When we first got our hotel room in Athens and were about to take our siesta, each in his underwear across the room from each other in his own bed, almost the first thing out of his mouth was a stammered—what was it? I have to call it a prepared speech—in which he politely rejected anything sexual in the two months ahead. I stifled my disappointment; after all, he was paying the bills, and I was his teacher. Imagine my delight when fifteen minutes later I watched him striding across the room with a tent pole pushing out his shorts. My God, he was so handsome, well built, and bursting with sexual energy. It was almost but not quite a love affair. Certainly it was the most extended, complex, complete physical relationship with another man that I had ever had up to that point. If he was a novice or insecure about many aspects of lovemaking, I was simply lacking in experience, certainly recent experience, so what we were doing each day had a delicious tentative quality, a shared surprise at the pleasure and ecstasy of it all. It was not love because we did not want love with each other; he knew he was not ready for that, and I knew that I was already in enough of a danger zone with my emotions. In every other way it was bliss, not the least being the wicked pleasure every morning of watching the man at the hotel desk react to my young friend’s settling our bill rather than the older fellow he took to be the sugar daddy.
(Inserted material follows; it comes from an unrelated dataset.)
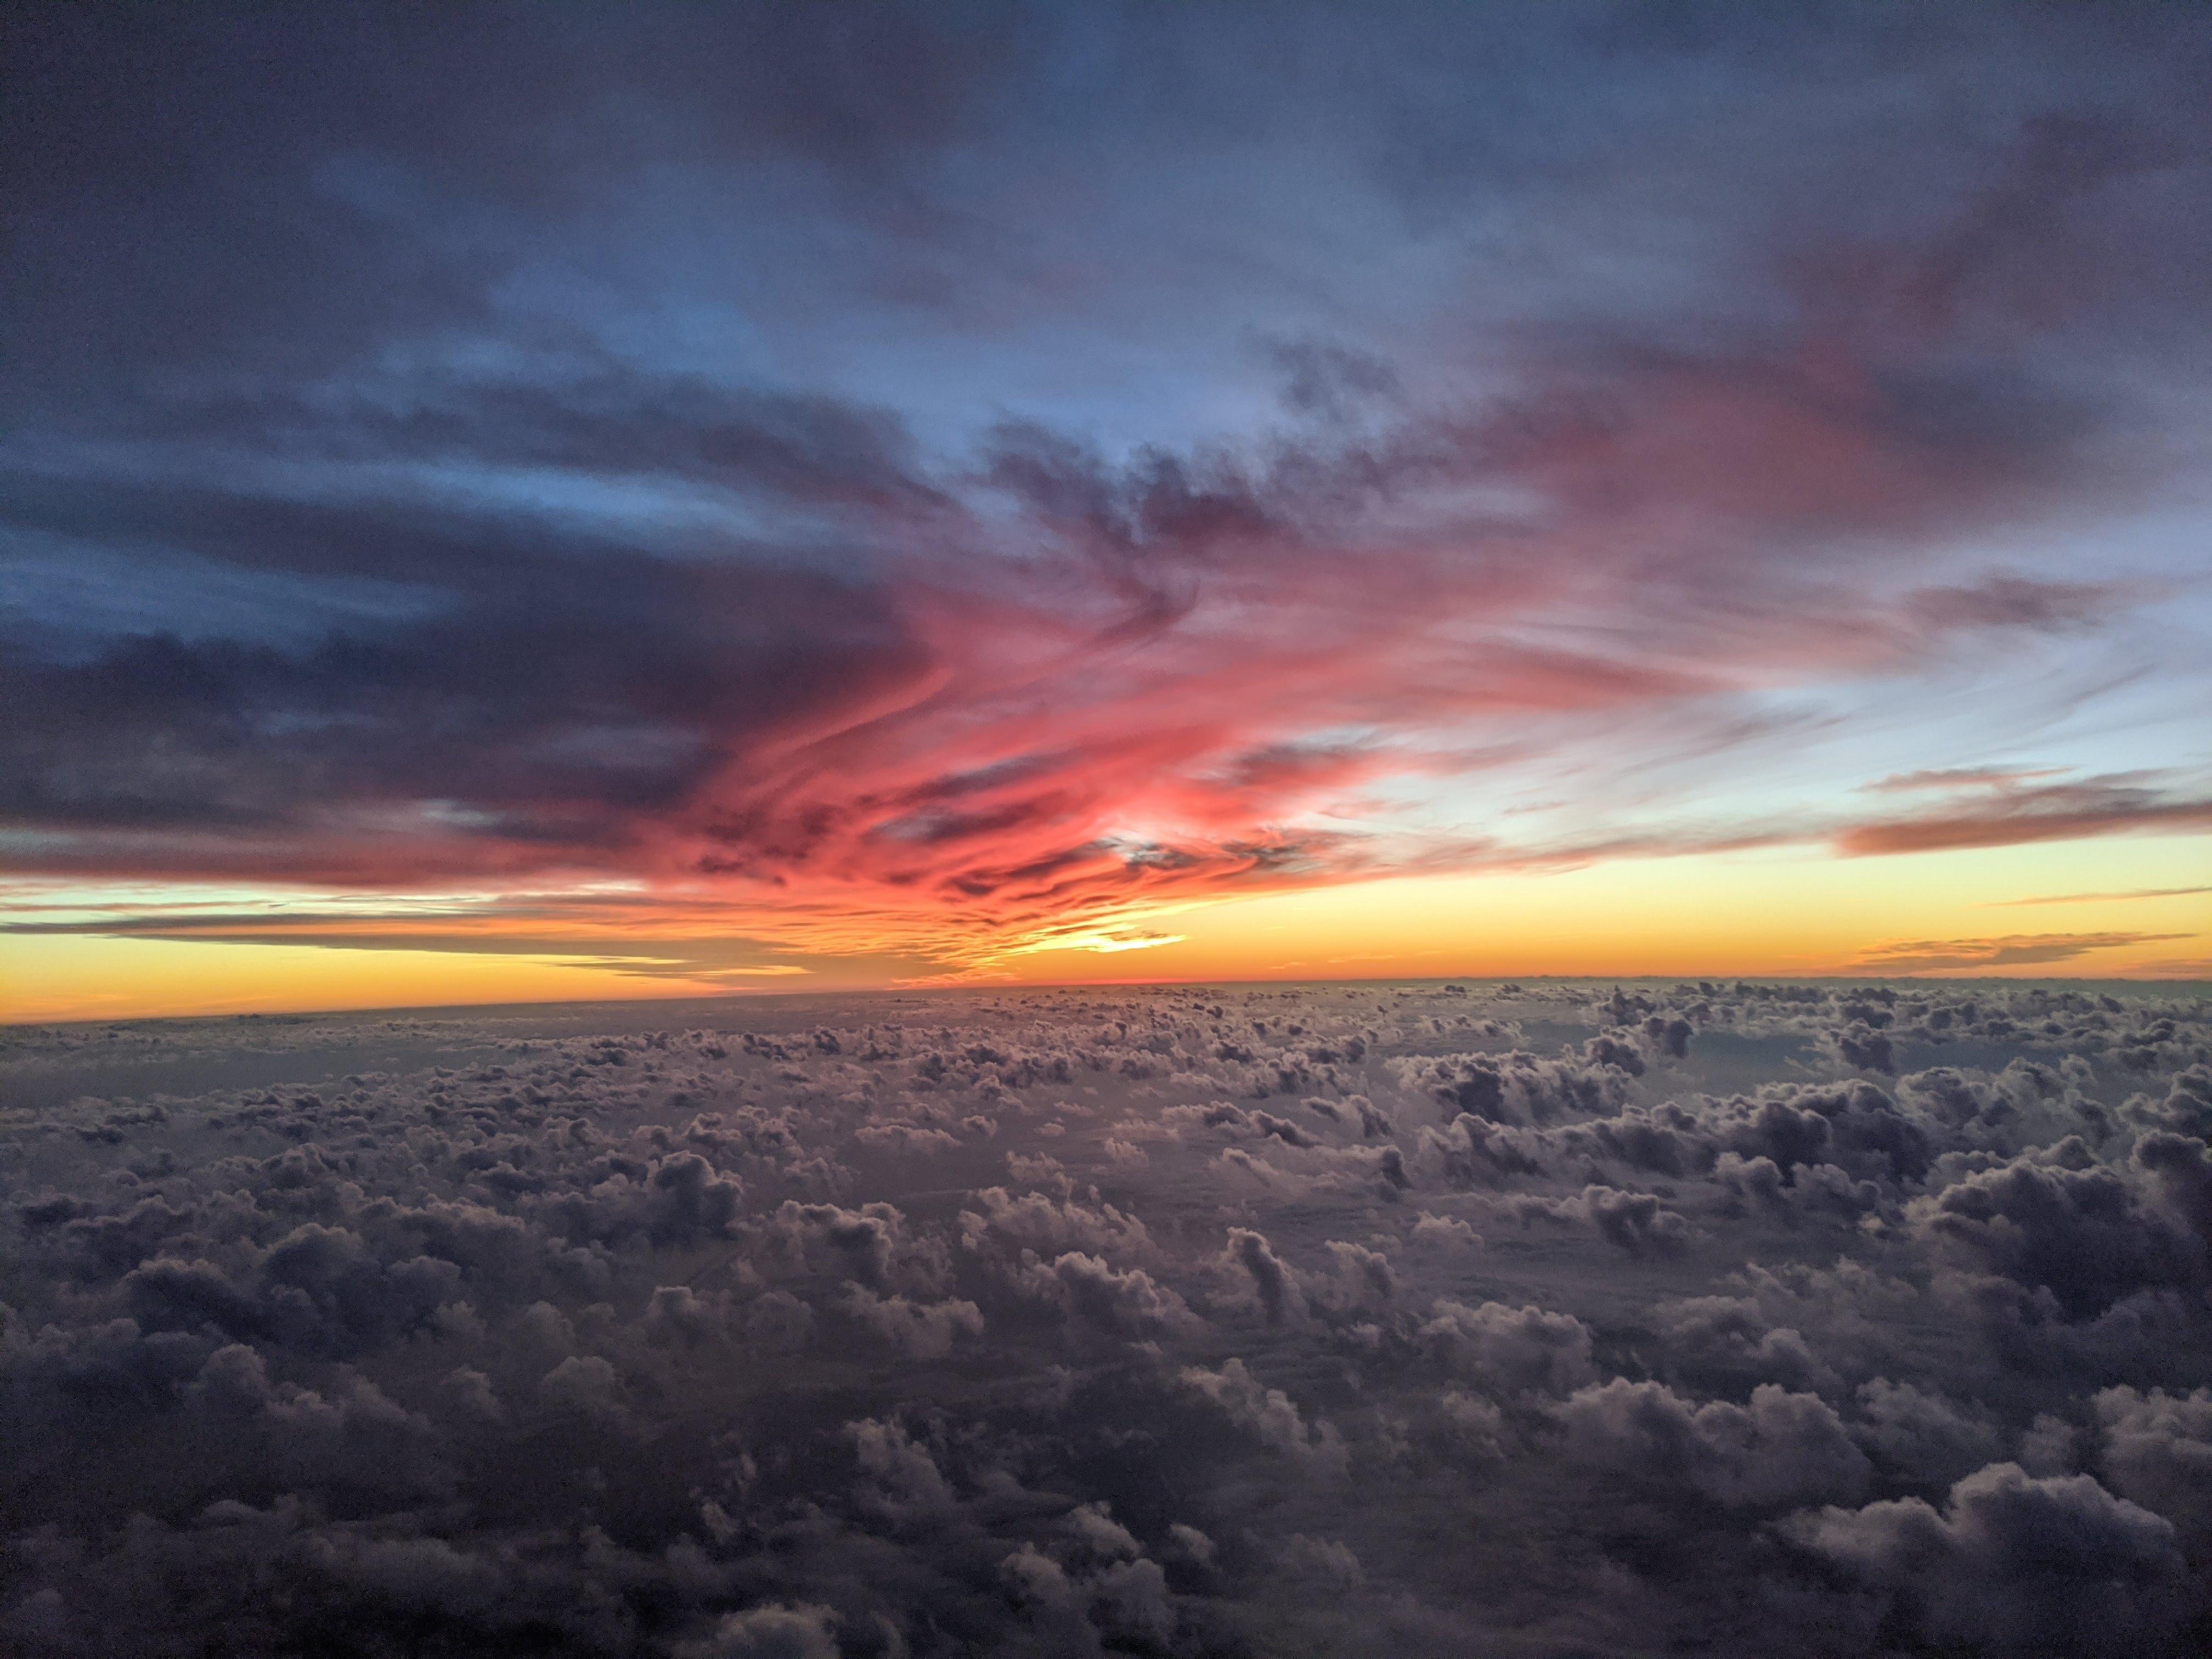 cloud view from flight 4k 1602501619 - Cloud View From Flight 4k - Cloud View From Flight 4k wallpapers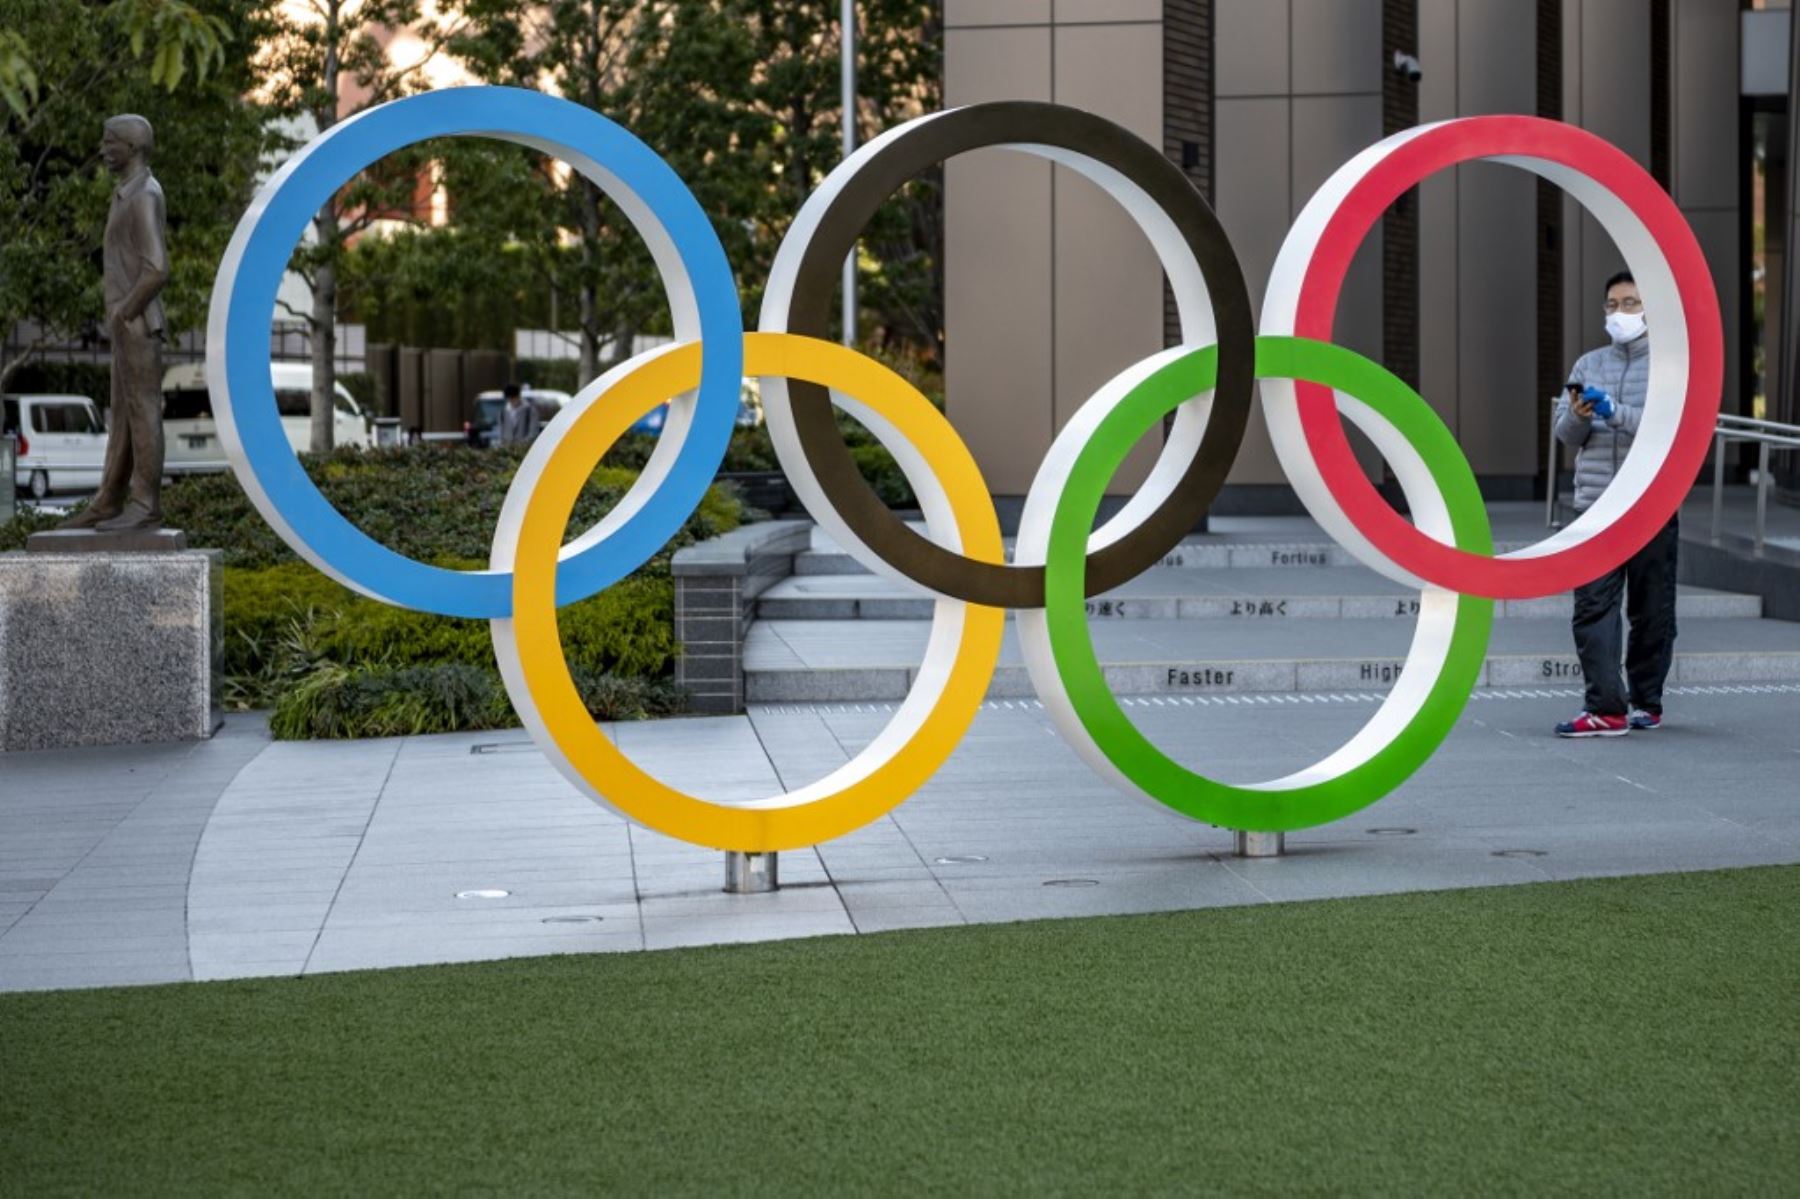 La realización de los Juegos Olímpicos Tokios 2020 generan incertidumbre

Needless to say, my return to Palo Alto was a shock. The French and Italians have a word for the psychological state; it is called “the reentry,” since it is their custom for the entire country to shut down, so to speak, while everyone takes an extended vacation. For me there was the sheer fright of giving up the young man, returning to all the domestic problems in my relationship with Penny. There was the added guilt that reading Simone de Beauvoir’s
The Second Sex
while overseas brought to me. Being a woman in a patriarchal culture was bad, being the wife of such a demanding person was worse; how could she not be victimized? It made me sick to the stomach and sexually impotent. How could I deal with the guilt of my failure at sex? Did my two impossibly wonderful months with the young man call me home to gayness for once and for always? The months in Greece and Italy made me determined to find a way to spend a year in the Mediterranean lands with my whole family. That would be my redemption. Miraculously enough, it happened. Our departmental secretary showed me a brief mailing that she had tacked onto the office bulletin board. The Archaeological Institute of America announced the Olivia James Traveling Fellowship set up for travel in Greek lands for poets, artists, writers, scholars, anyone with a love of the ancient world.